- **COLLECTED MATERIAL**
■ ■ ■ ■ ■
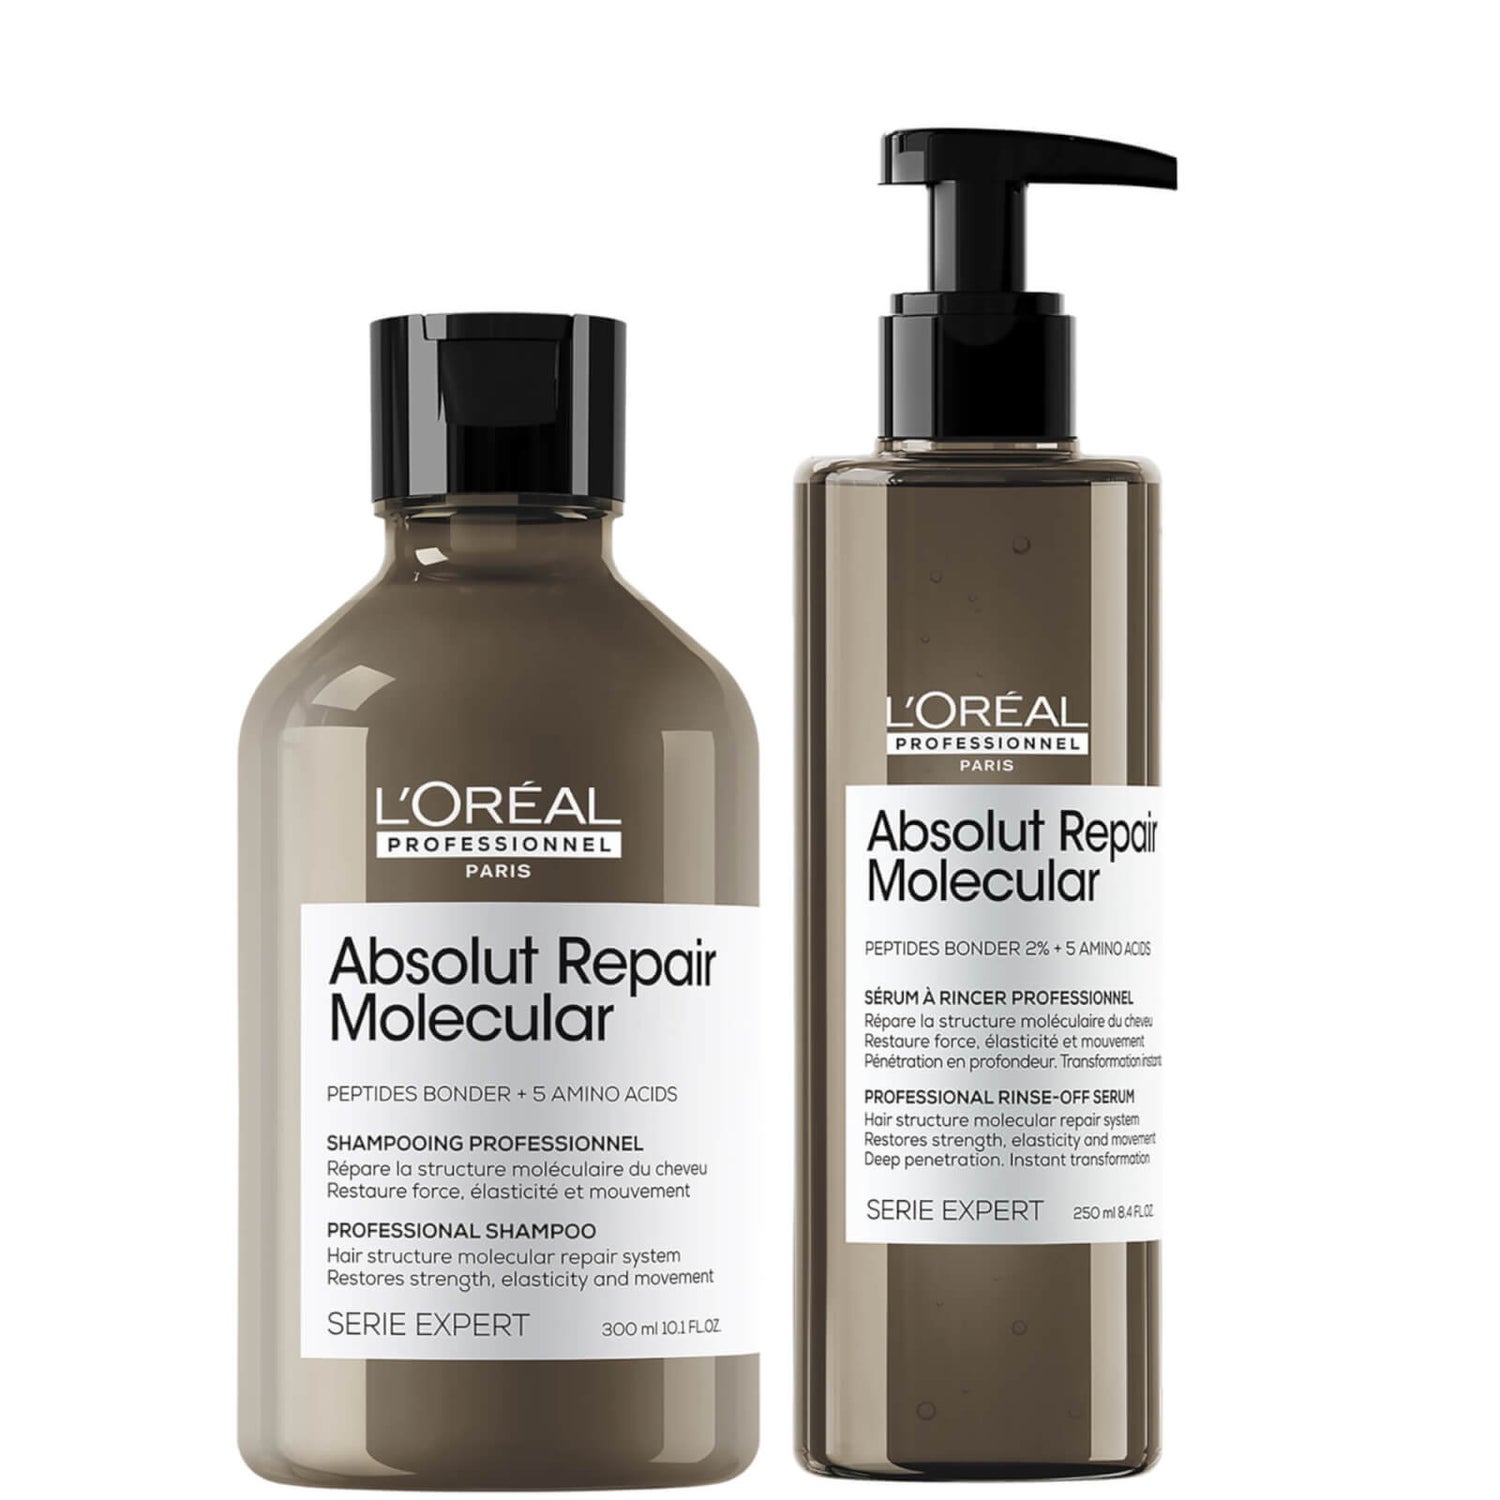 L'Oréal Professionnel Serie Expert Absolut Repair Molecular Shampoo and Rinse-off Serum Duo for Damaged Hair
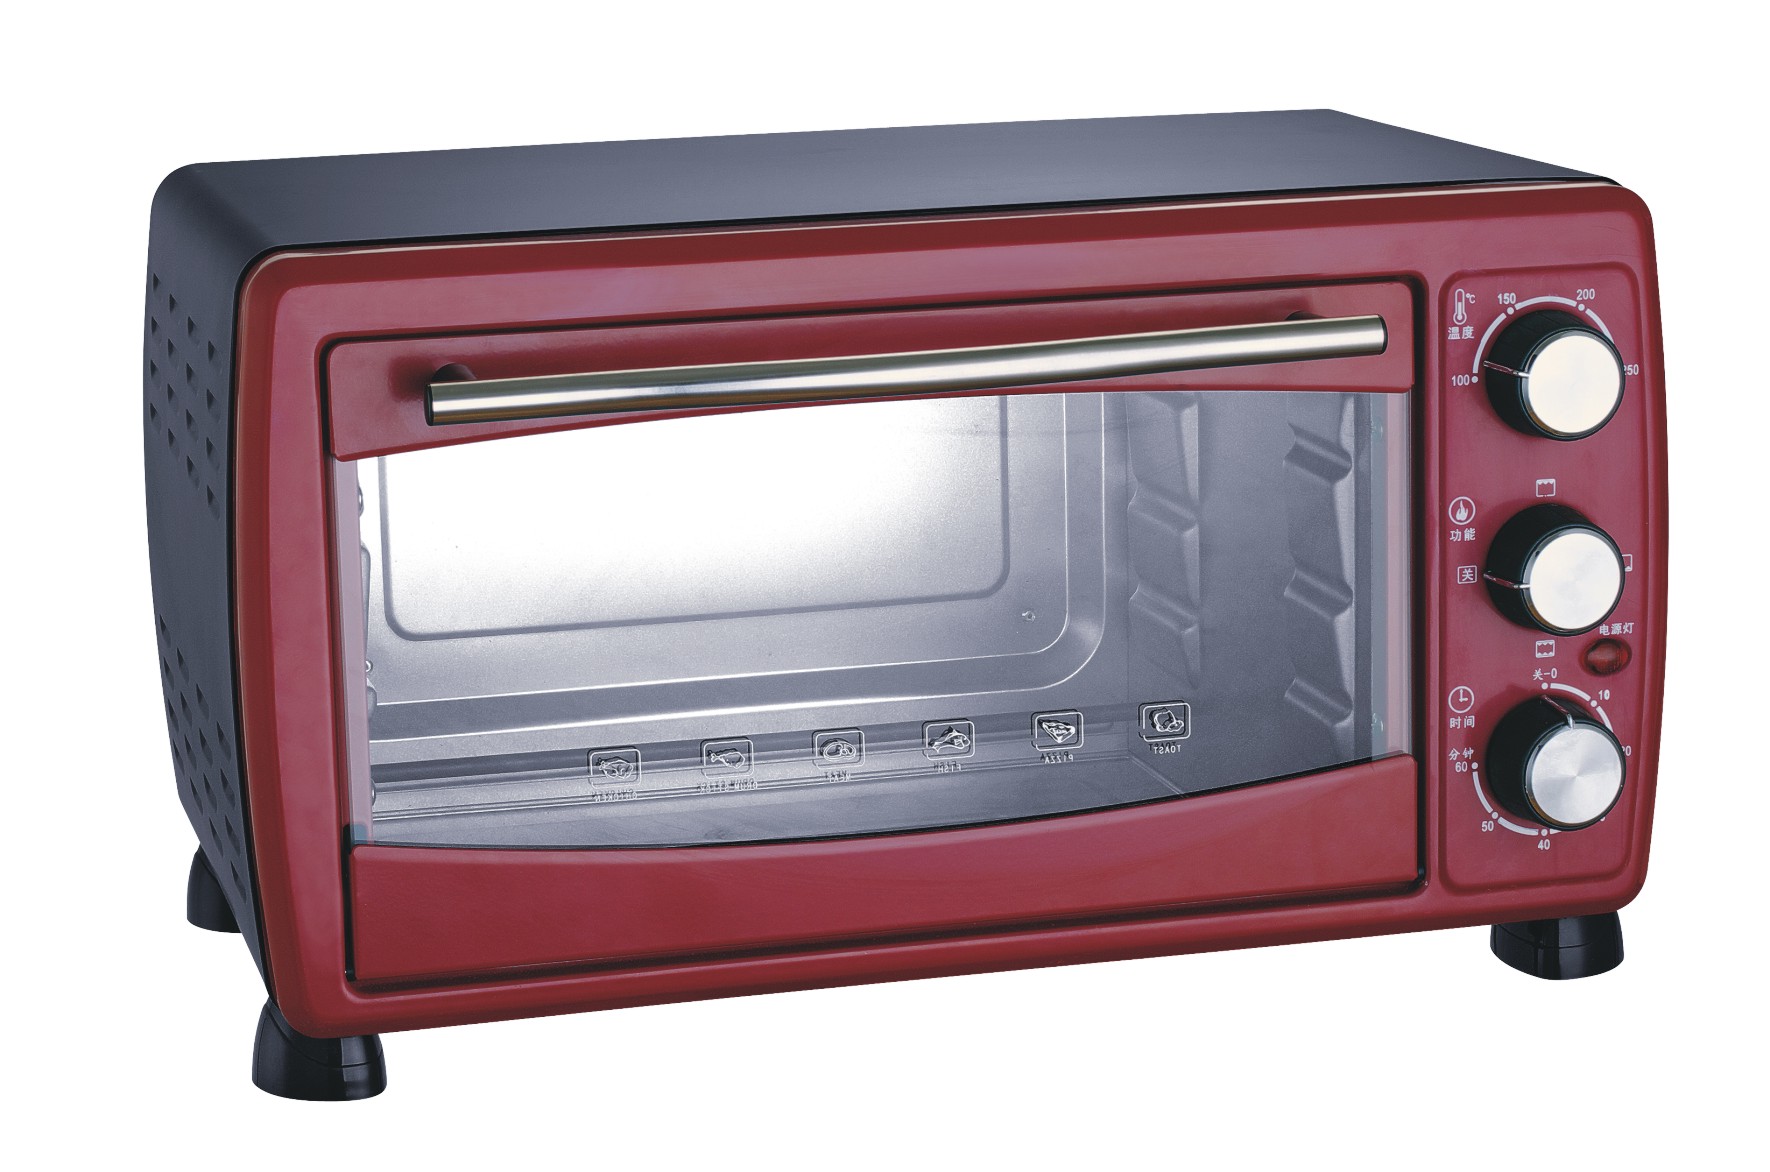  Electric Ovens with well treated assembly
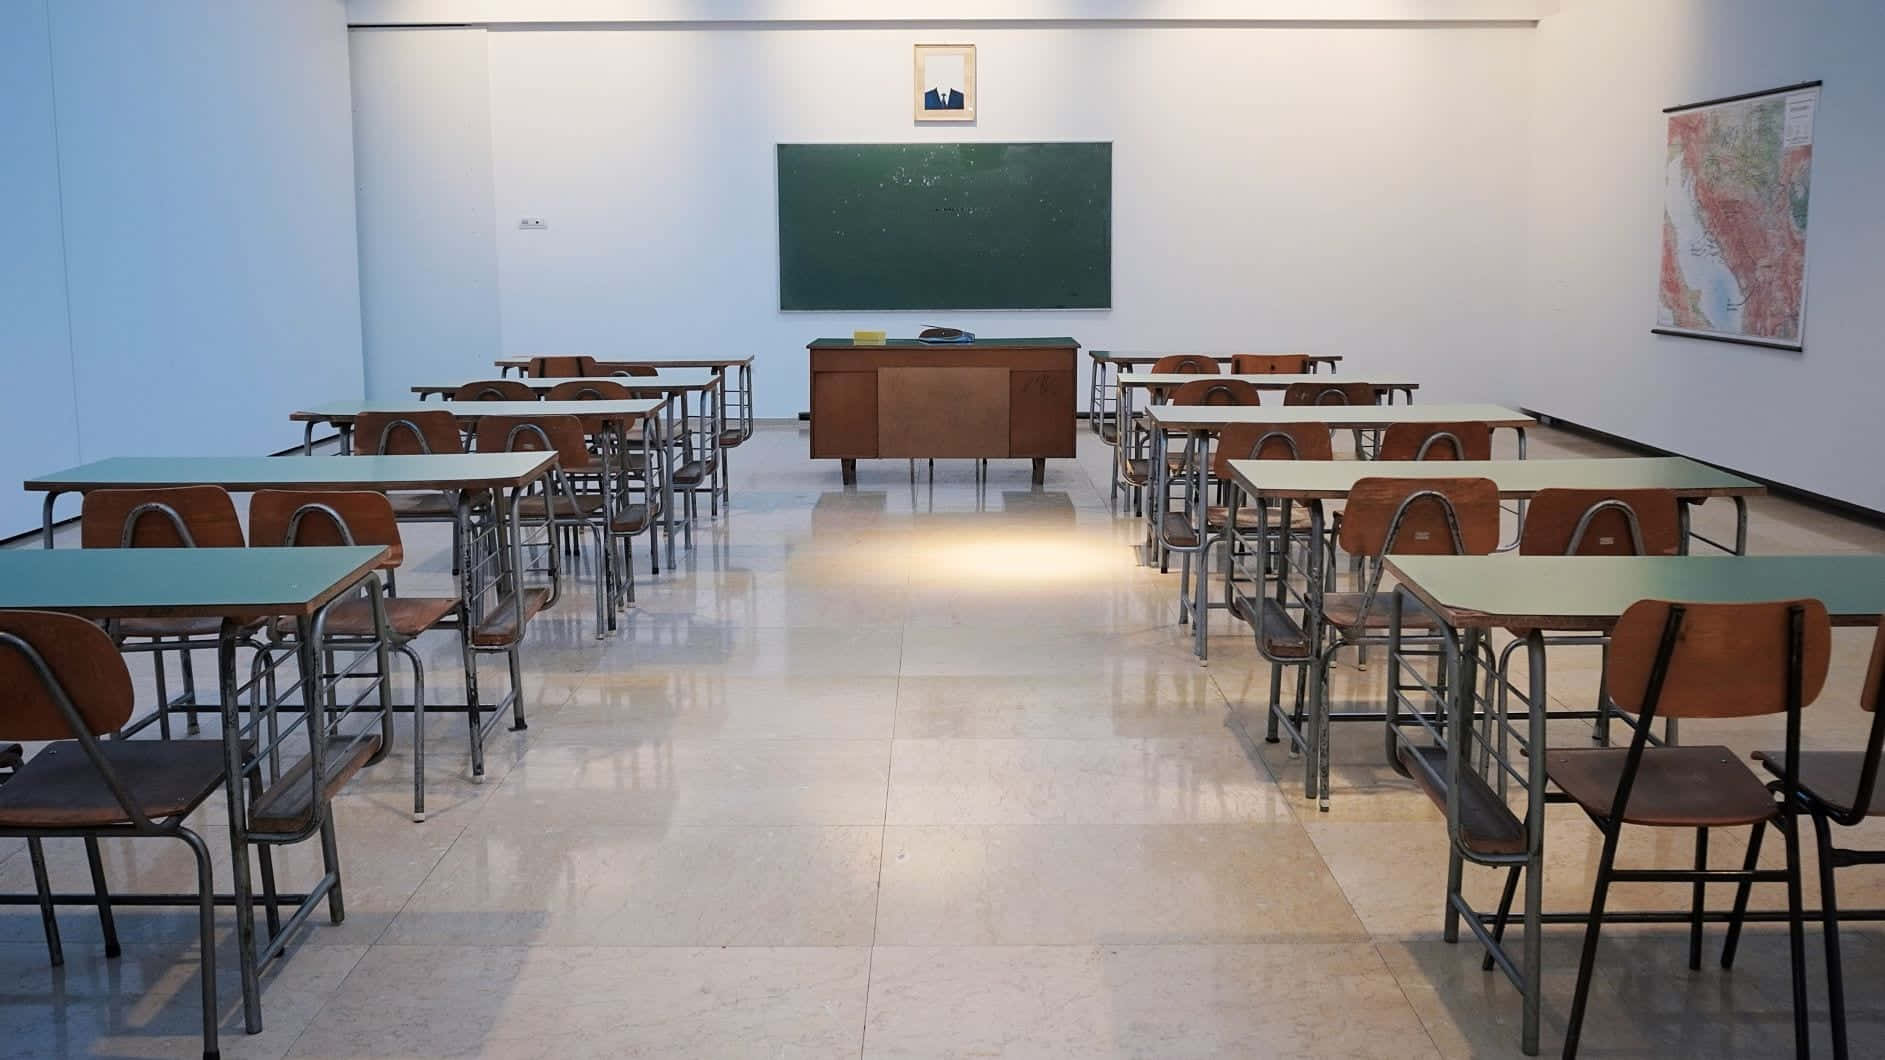 A Classroom With Desks And A Chalkboard
■ ■ ■ ■ ■
- **THE PROBLEM**
Only text belongs in the copy: repeat each line of the data exactly and leave out the pictures.

- **OUTPUT BELOW**
 L'Oréal Professionnel Serie Expert Absolut Repair Molecular Shampoo and Rinse-off Serum Duo for Damaged Hair
  Electric Ovens with well treated assembly
 A Classroom With Desks And A Chalkboard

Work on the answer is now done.